The results demonstrated that deep learning-based methods consistently outperformed conventional statistical methods in detecting anomalies in real-world data. However, it was noted that the performance of these methods varied across different datasets. The average micro-F1-score across all datasets was 0.48066, as detailed in 
Table 1.
Based on their findings, the authors proposed LogAD, which is a comprehensive log anomaly detection system designed to address these challenges. LogAD integrates a knowledge base derived from domain expertise, visually interpretable reporting, and a combination of various anomaly detection algorithms to handle a wide array of abnormal patterns. The system employs ensemble learning principles, allowing engineers to select suitable anomaly detection components based on their domain knowledge to identify specific anomalous patterns within different logs. While prior work utilized multiple methods (including PCA, LogCluster, and IM) for more accurate anomaly identification, it lacked the versatility to handle a broad spectrum of anomalous patterns. Notably, the authors introduced a multivariate time-series anomaly detection method for template count, based on LSTM [
17], to identify anomalies using the widely adopted distribution distance measurement (JS divergence). The template sequence and variable value techniques were refined based on earlier research, resulting in an average F1-score of 0.83, confirming the effectiveness of LogAD.
Additionally, LogMine [
18], equipped with a clustering module, rapidly clusters large batches of input logs under stringent constraints. The pattern recognition module developed by the authors generates distinct patterns for each cluster, and these patterns form the leaf level of the pattern hierarchy. Through iterative processes that gradually relax constraints and merge clusters to create more generalized patterns, LogMine constructs a hierarchical pattern structure. This process continues until the most general pattern is achieved or the pattern hierarchy is fully constructed. Notably, LogMine is the first framework of its kind, offering unsupervised, scalable, and heterogeneity-resistant log analysis. On distributed platforms, LogMine can process millions of logs within seconds thanks to its one-pass architecture and minimal memory footprint. The framework demonstrates scalability to handle hundreds of millions of logs effectively.

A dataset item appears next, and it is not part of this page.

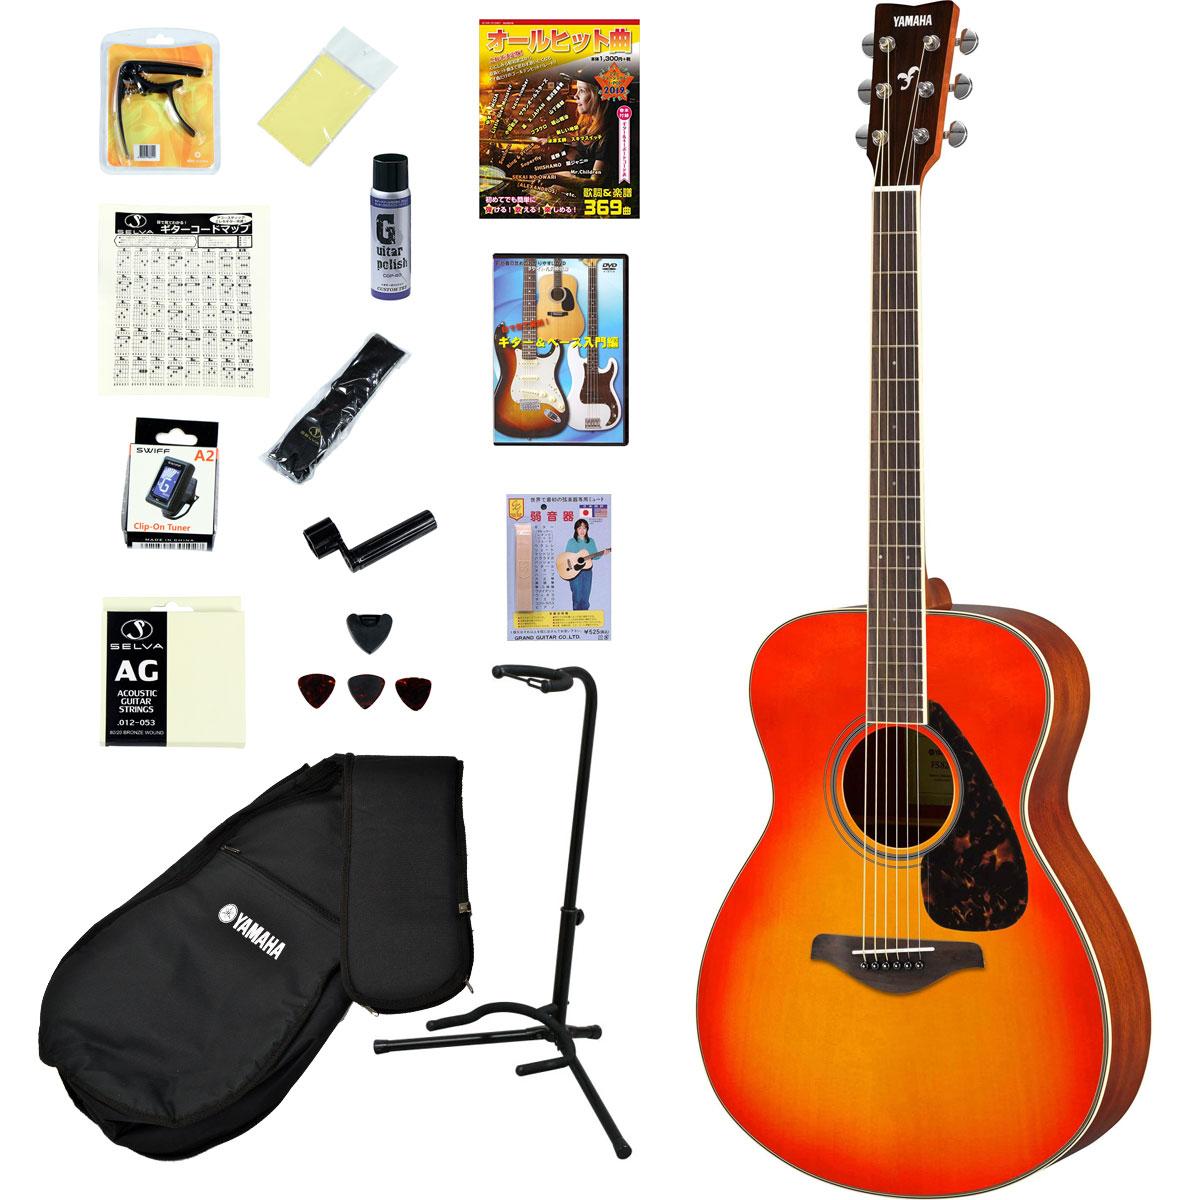 YAMAHA / FS820 AB(オータムバースト) 【オールヒット曲歌本17点入門セット】【楽譜が付いたお買い得セット】 ヤマハ アコースティックギター アコギ FS-820 入門 初心者【YRK】

While Zhao et al. assessed various unsupervised log anomaly detection algorithms, our method integrates expert evaluations for validation, ensuring not only statistical relevance but also practical applicability in detecting network security anomalies. Building on the limitations identified in LogAD’s ability to handle diverse anomalous patterns, our methodology adopts a more flexible approach through the use of Isolation Forests, which allows for the detection of a broader spectrum of anomalies without requiring extensive domain-specific knowledge. In summary, our research contributes to the field of anomaly detection by offering a scalable, efficient, and versatile approach. Our method’s ability to process extensive datasets with high precision, coupled with a comprehensive validation process, sets it apart from existing methods, addressing key challenges in network security anomaly detection.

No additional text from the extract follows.